I didn’t enjoy the film. I remember seeing, or hearing, Shelley Winters get run over, and Sue Lyon seducing the high school kid in summer camp, but I’d missed too much. My chances of getting anything out of the movie had been wrecked. I never have seen it to this day. Once you’ve half seen a film it’s spoiled for good. By just gone ten we were standing on the pavement in Lower Regent Street. I hadn’t put my jacket back on as it was still warm for the time of year. Christopher looked cool and collected. He was wearing a cream shirt and a dogtooth sports jacket made up of a subtle blend of colours. I was wearing a sky blue crew neck pullover. I felt very much the young pick-up. I also felt as if everyone on the street knew it. Without asking he guided me to a pub just off St James’s Square and again without asking put a double scotch in front of me. I smiled inwardly. If the plan was to get me going with a few shorts he had picked the wrong baby, but it was a nice gesture.
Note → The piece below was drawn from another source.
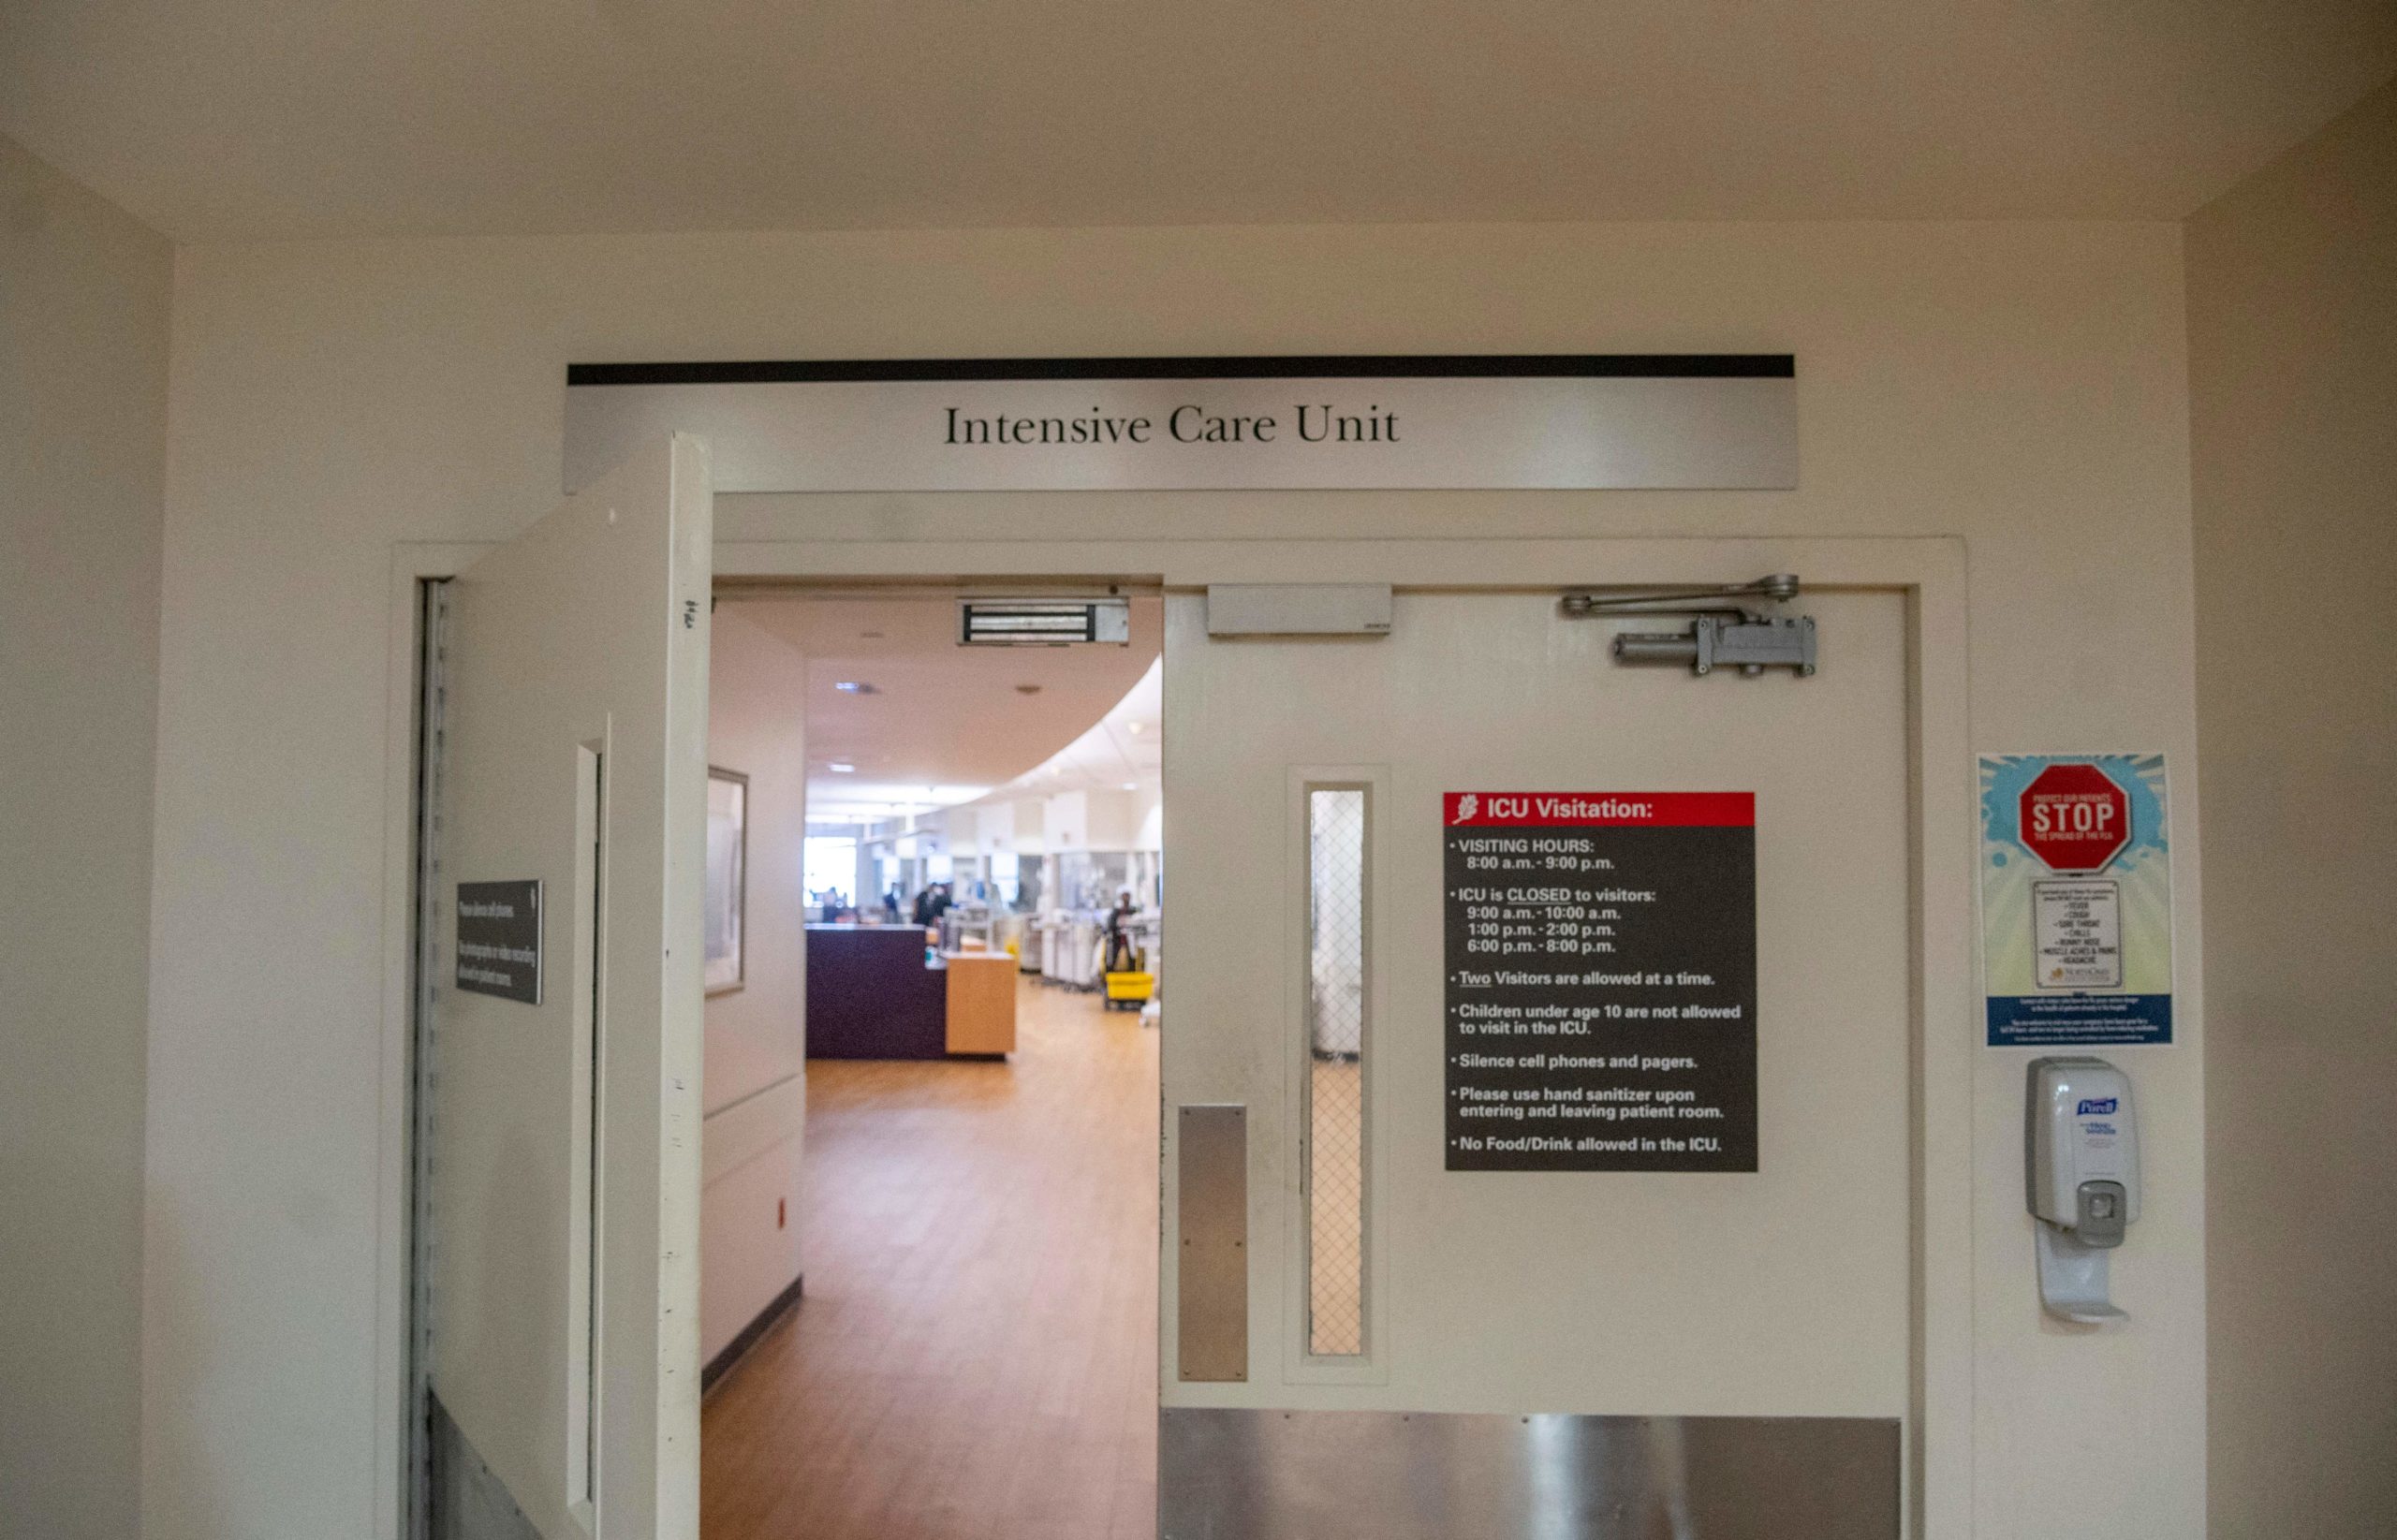 The entrance of the Intensive Care Unit inside in North Oaks Hospital is seen in Hammond, Louisiana, on August 13, 2021. - Barely clinging to life, patients in an intensive care unit in Hammond, Louisiana, lie in their beds, gray and emaciated, their faces marked by the tight grip of respirators and the ravages of Covid-19. As cases soar due to the more contagious Delta variant, medical units like the North Oaks Hospital are overwhelmed. Half of the Covid patients there are critical. (Photo by EMILY KASK/AFP via Getty Images)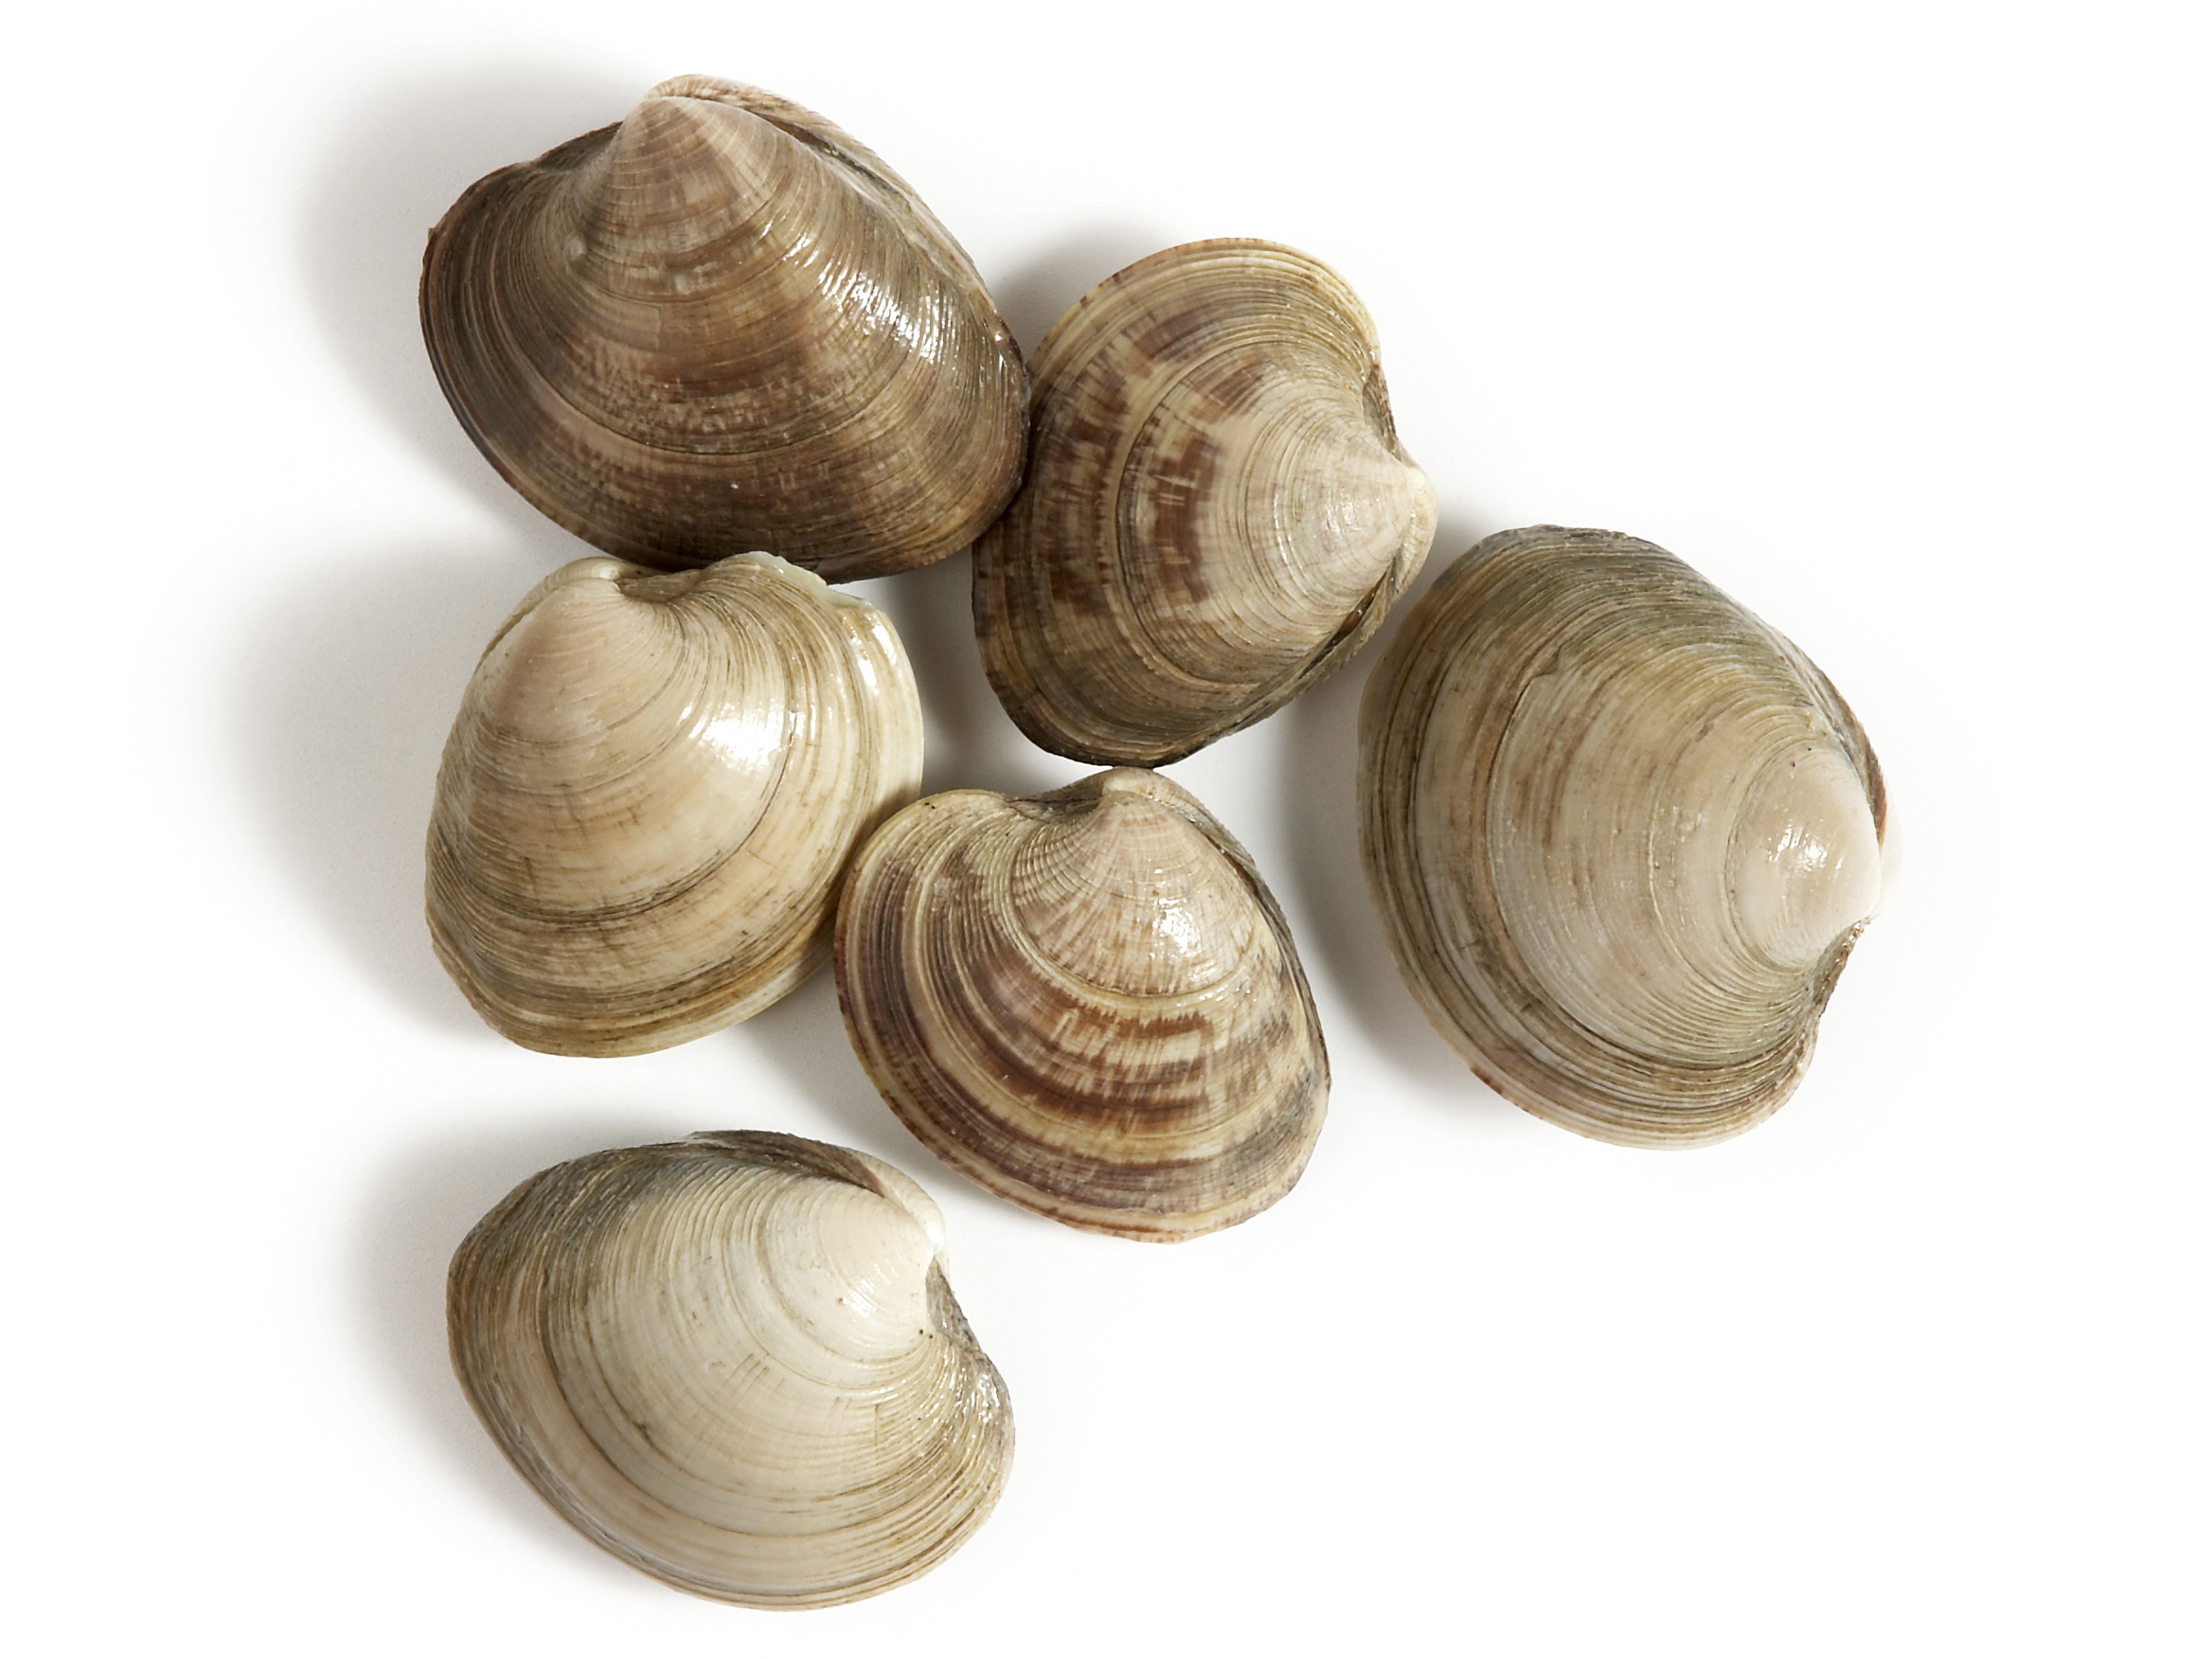 2336x1752 > Clams Wallpapers

At the time I wasn’t sure how far I was prepared to go with the game;
like many alien coastlines the wilder shores of sex attain greater normality and familiarity on closer inspection. With a thoughtfulness of timing I appreciated he waited for me to empty a glass before catching my eye.
“Let’s go.” We started walking back down towards St James’s Square but before we reached it a taxi pulled up and we jumped inside.
“Philbeach Gardens.”
“Where are we going?” I asked.
“You like parties don’t you?”
“Yes.”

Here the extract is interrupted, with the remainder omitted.